How to Scrape MercadoLibre Product Data in 2026
MercadoLibre is Latin America’s largest e-commerce and fintech platform, operating in 18 countries including Argentina, Brazil, Mexico, Colombia, and Chile. With over 148 million active users and a dominant market position across the region, MercadoLibre is the definitive data source for Latin American e-commerce intelligence, competitive pricing analysis, and regional market research.
This guide covers how to scrape MercadoLibre product data using Python, leverage their public API, and integrate proxies for reliable large-scale extraction.
What Data Can You Extract from MercadoLibre?
MercadoLibre provides extensive product and seller data:
- Product titles and descriptions
- Pricing (in local currencies across markets)
- Seller information (reputation, sales history, location)
- Product condition (new, used, refurbished)
- Shipping details (free shipping, fulfillment type)
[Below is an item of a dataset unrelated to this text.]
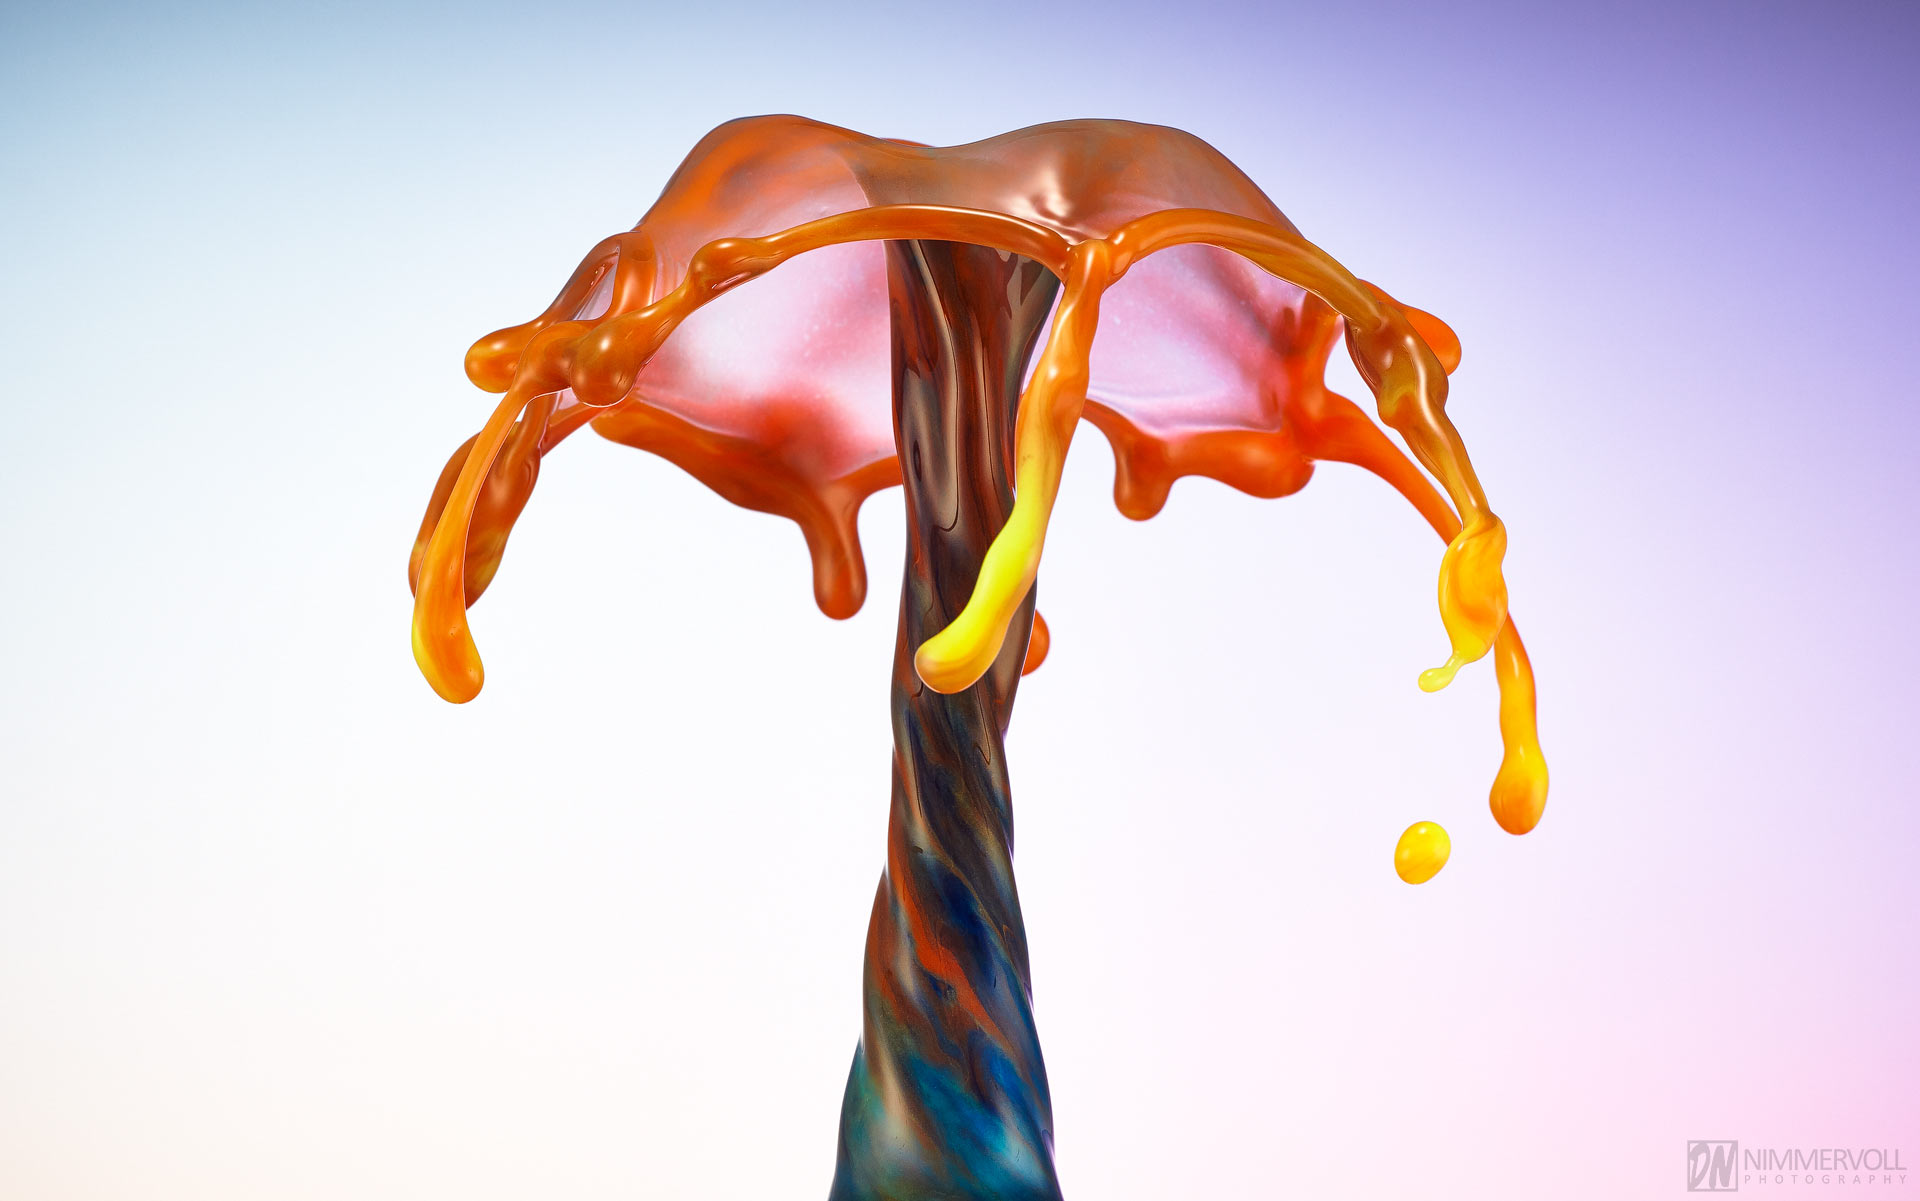 Highspeed Fotografie - Liquid Art Wassertropfen - Nimmervoll background image

- Customer ratings and reviews
- Product attributes and specifications
- Category hierarchy
- Listing type (auction, buy-it-now)
Example JSON Output
{
"id": "MLA1234567890",
"title": "iPhone 15 Pro Max 256GB - Nuevo Sellado",
"price": 1899999,
"currency": "ARS",
"condition": "new",
"sold_quantity": 342,
"available_quantity": 15,
"seller": {
"id": 987654321,
"nickname": "TECNOSTORE_AR",
"reputation": "platinum",
"transactions": 15420,
"positive_ratings": 99.2
},
"shipping": {
"free_shipping": true,
"fulfillment": "mercadoenvios"
},
"categories": ["Celulares y Smartphones", "iPhone"],
"location": "Buenos Aires, Argentina",
"url": "https://www.mercadolibre.com.ar/p/MLA1234567890"
}Prerequisites
pip install requests beautifulsoup4 lxml fake-useragentMercadoLibre has a public API that provides structured data access. For web scraping beyond API limits, residential proxies from Latin American IP pools are recommended.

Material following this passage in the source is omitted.